Causal hypotheses based on aggregate data have led to misleading conclusions on topics such as sugar consumption and dental caries, therefore one should be cautious in generating hypotheses regarding the primary drivers of the periodontal disease epidemic based on successive national survey data. More detailed patient-level epidemiological analyses will be required to explore answers to these questions as to why the periodontal disease prevalence as measured in terms of periodontal pocket depths and attachment levels is decreasing so rapidly. However, what can be concluded is that prevalence of periodontal pockets and periodontal treatment needs were opposite of predicted: both the need and the actual utilization for periodontal services appears to be decreasing as rapidly as the disease itself is decreasing.

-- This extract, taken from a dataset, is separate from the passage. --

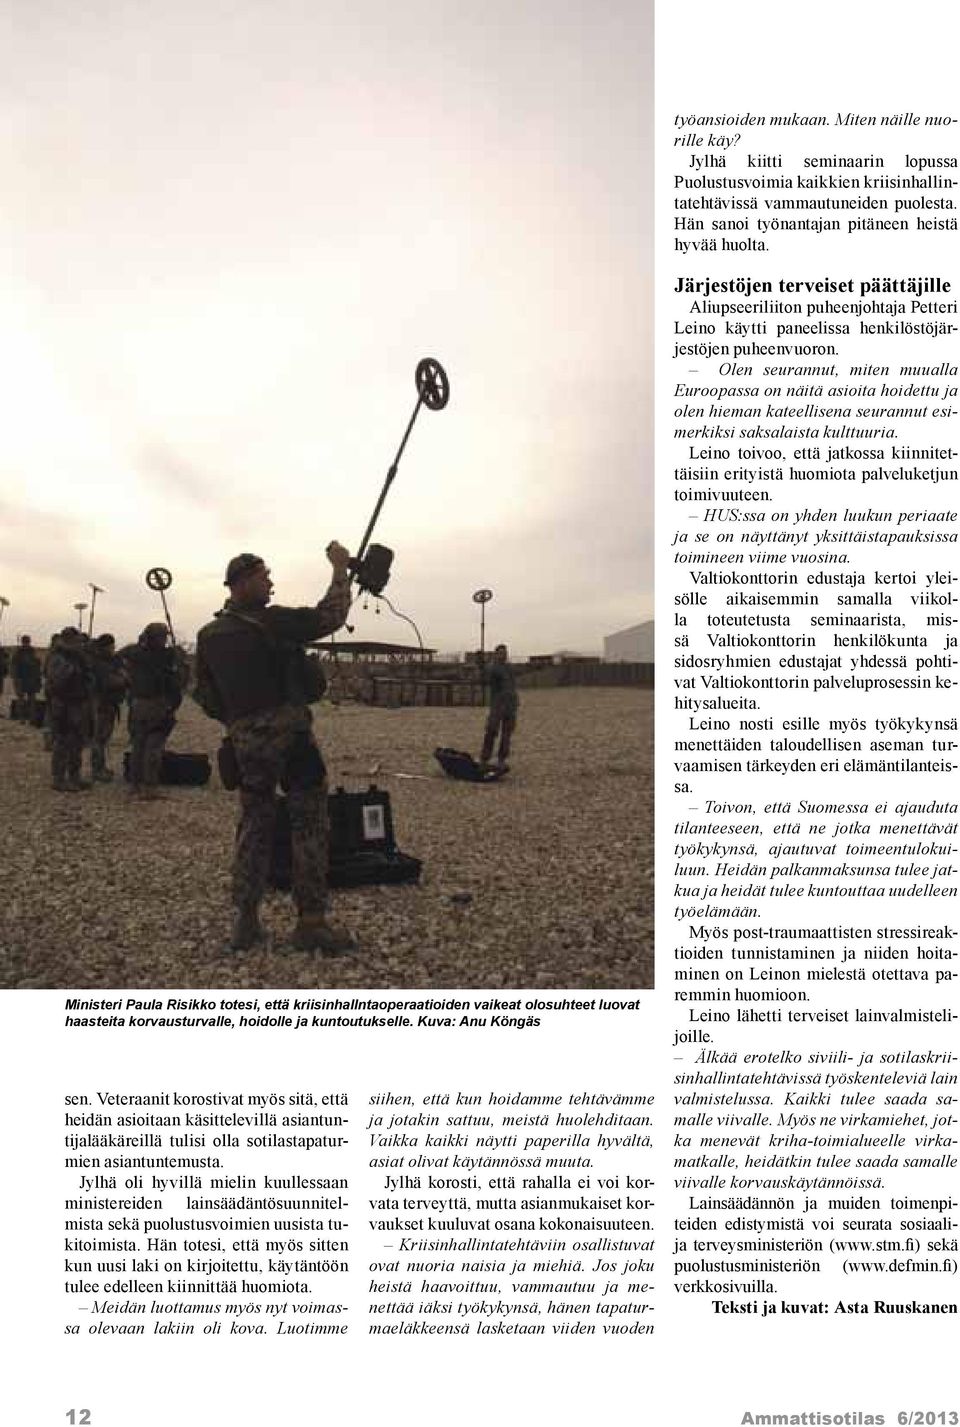 Kuva: Anu Köngäs sen. Veteraanit korostivat myös sitä, että heidän asioitaan käsittelevillä asiantuntijalääkäreillä tulisi olla sotilastapaturmien asiantuntemusta.

A final note of caution should be considered when interpreting these national prevalence data. It would be wrong to imply that the pandemic of dental diseases has been conquered. Substantial improvements have occurred in unequivocal parameters of dental suffering such as edentulism. However, dental diseases remain more prevalent than most systemic chronic diseases and remain one of the most costly chronic conditions to treat. The cost-effective primary prevention of dental diseases appears to remain an elusive goal for most civilized societies.